1. SpoofCeleb for Speech Deepfake and Spoof-Robust ASV
SpoofCeleb (Jung et al., 18 Sep 2024) is a large-scale, in-the-wild speech corpus for benchmarking Speech Deepfake Detection (SDD) and Spoofing-robust Automatic Speaker Verification (SASV). It is constructed by applying an automated, TTS-grade preprocessing pipeline to the VoxCeleb1 corpus (1,251 speakers), followed by the synthesis of spoofed utterances using 23 state-of-the-art TTS and voice conversion (VC) systems.
- Source Data & Preprocessing: Starting with VoxCeleb1 audio, the TITW-Easy pipeline automates ASR transcription and alignment (WhisperX), silence-based segmentation, heuristic filtering (excluding non-English, too short/long or noisy segments), and neural speech enhancement (DEMUCS). Only bona fide segments (DNSMOS "BAK" score ≥ 3.0) suitable for TTS training are retained, producing ~248,000 high-quality utterances with aligned transcripts. The entire process is scriptable and repeatable for other "in-the-wild" corpora.
- Spoof Generation: Twenty-three spoofing systems (acoustic+vocoder, end-to-end, neural-codec) are trained on these processed utterances. Attack IDs (A01–A23) capture architectural diversity and configurations (e.g., pretraining, embedding injection).
- Dataset Structure: The corpus totals 2,687,292 utterances (1,251 speakers), partitioned into train (2,540,421; A00+A01–A10), validation (55,741; A00+A06,A07,A11–A14), and evaluation splits (91,130; A00+A15–A23), with strict speaker and attack disjointness.

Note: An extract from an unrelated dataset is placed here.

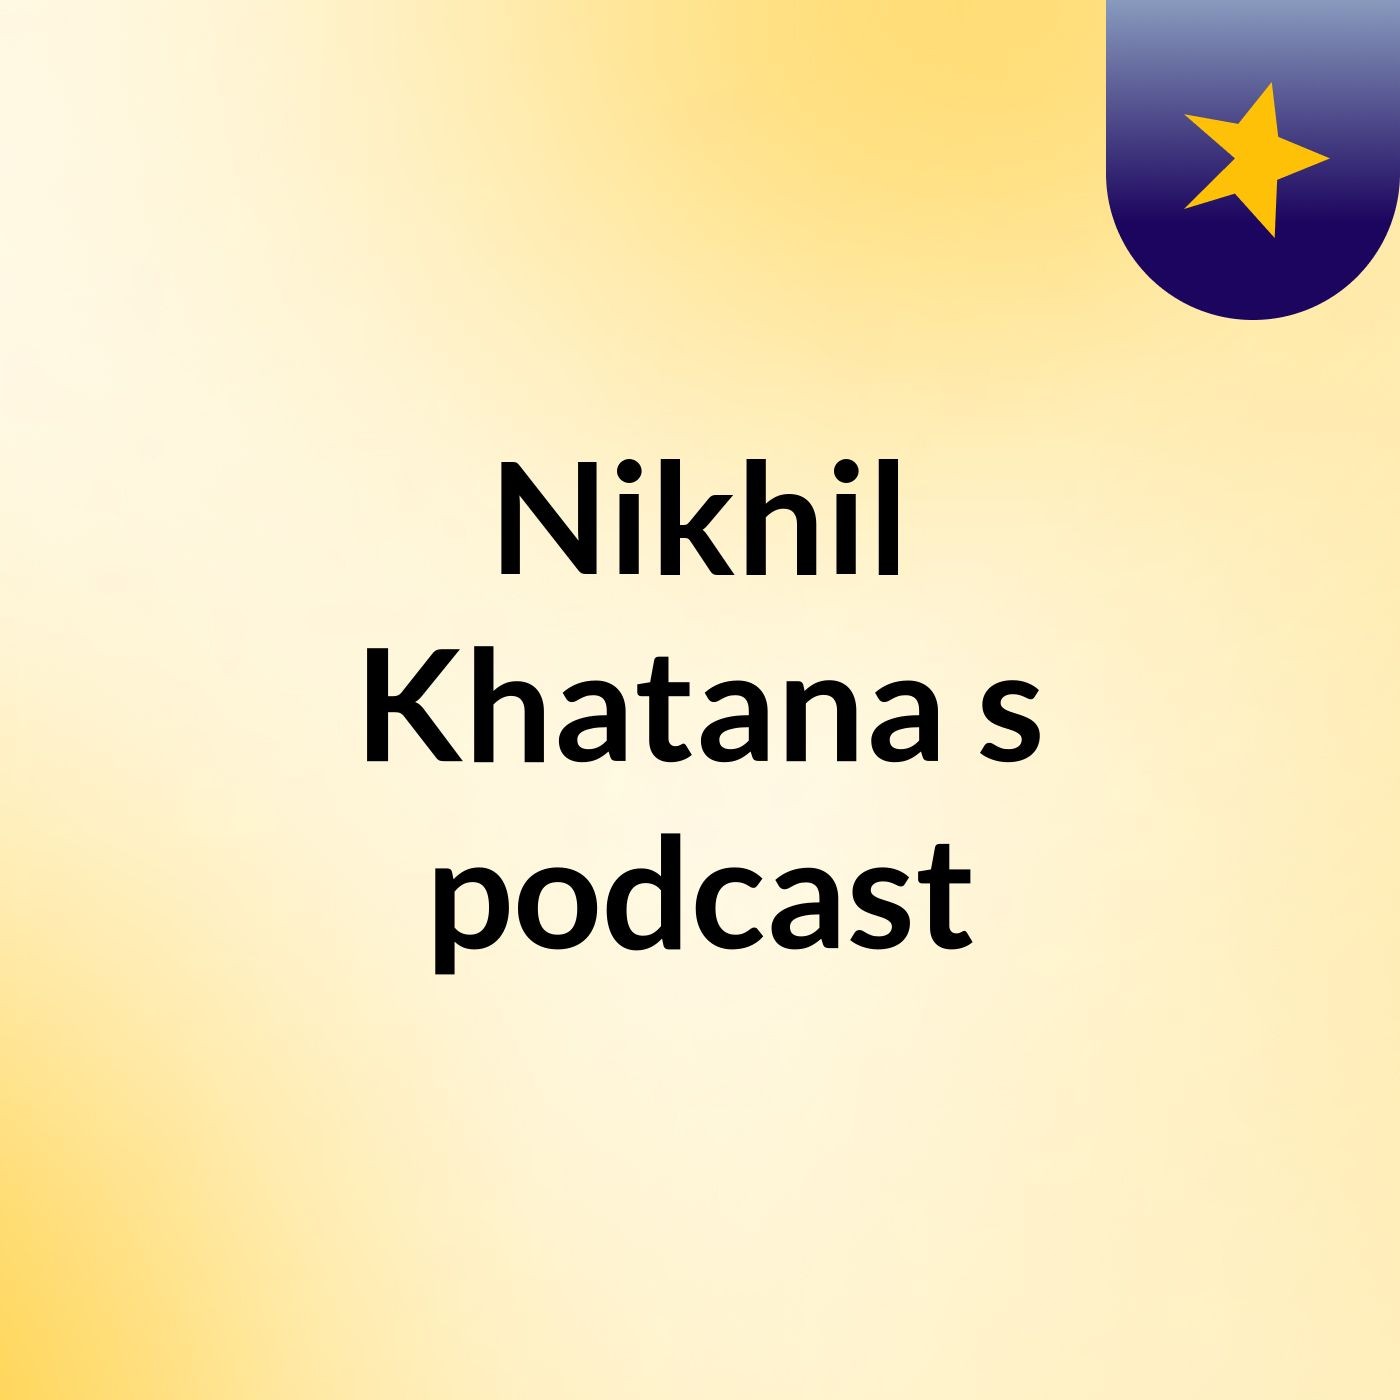 Nikhil Khatana's podcast

| Partition | # Files | Bona fide | Spoof Systems |
|---|---|---|---|
| Train | 2,540,421 | 1,171 | A00 + A01–A10 |
| Validation | 55,741 | 40 | A00 + A06,A07,A11–A14 |
| Evaluation | 91,130 | 40 | A00 + A15–A23 |
- Acoustic Conditions: The data inherits heterogeneous noise, reverberation, and device diversity from VoxCeleb1 (YouTube interviews), yielding UTMOS of 3.32 and DNSMOS 2.78 (MOS scales).
- Protocols & Benchmarks: Train/val/test sets have fully disjoint speakers and spoof types. No cross-validation is performed. Baselines include RawNet2 and AASIST for SDD, and various SASV configurations. Example metrics: SDD Eval EER = 1.12% (RawNet2), Eval EER = 2.37% (AASIST); SASV Eval a-DCF = 0.2902, SV-EER = 12.78%, SPF-EER = 5.00% when trained on SpoofCeleb.
- Access & Licensing: Dataset, code, and official protocols are at https://jungjee.github.io/spoofceleb (VoxCeleb1 licensing applies).
This corpus enables systematic evaluation of both SDD and SASV under realistic attack and recording conditions, filling a gap left by prior datasets constrained to clean, studio-quality or low-variability sources (Jung et al., 18 Sep 2024).
2. SpoofCeleb Corpus for Early Celebrity Death Hoax Detection
The SpoofCeleb corpus (Zubiaga et al., 2018)—in this context—designates a large-scale, semantically annotated collection of Twitter death reports ("RIP" events) for the study of early hoax detection and event veracity classification.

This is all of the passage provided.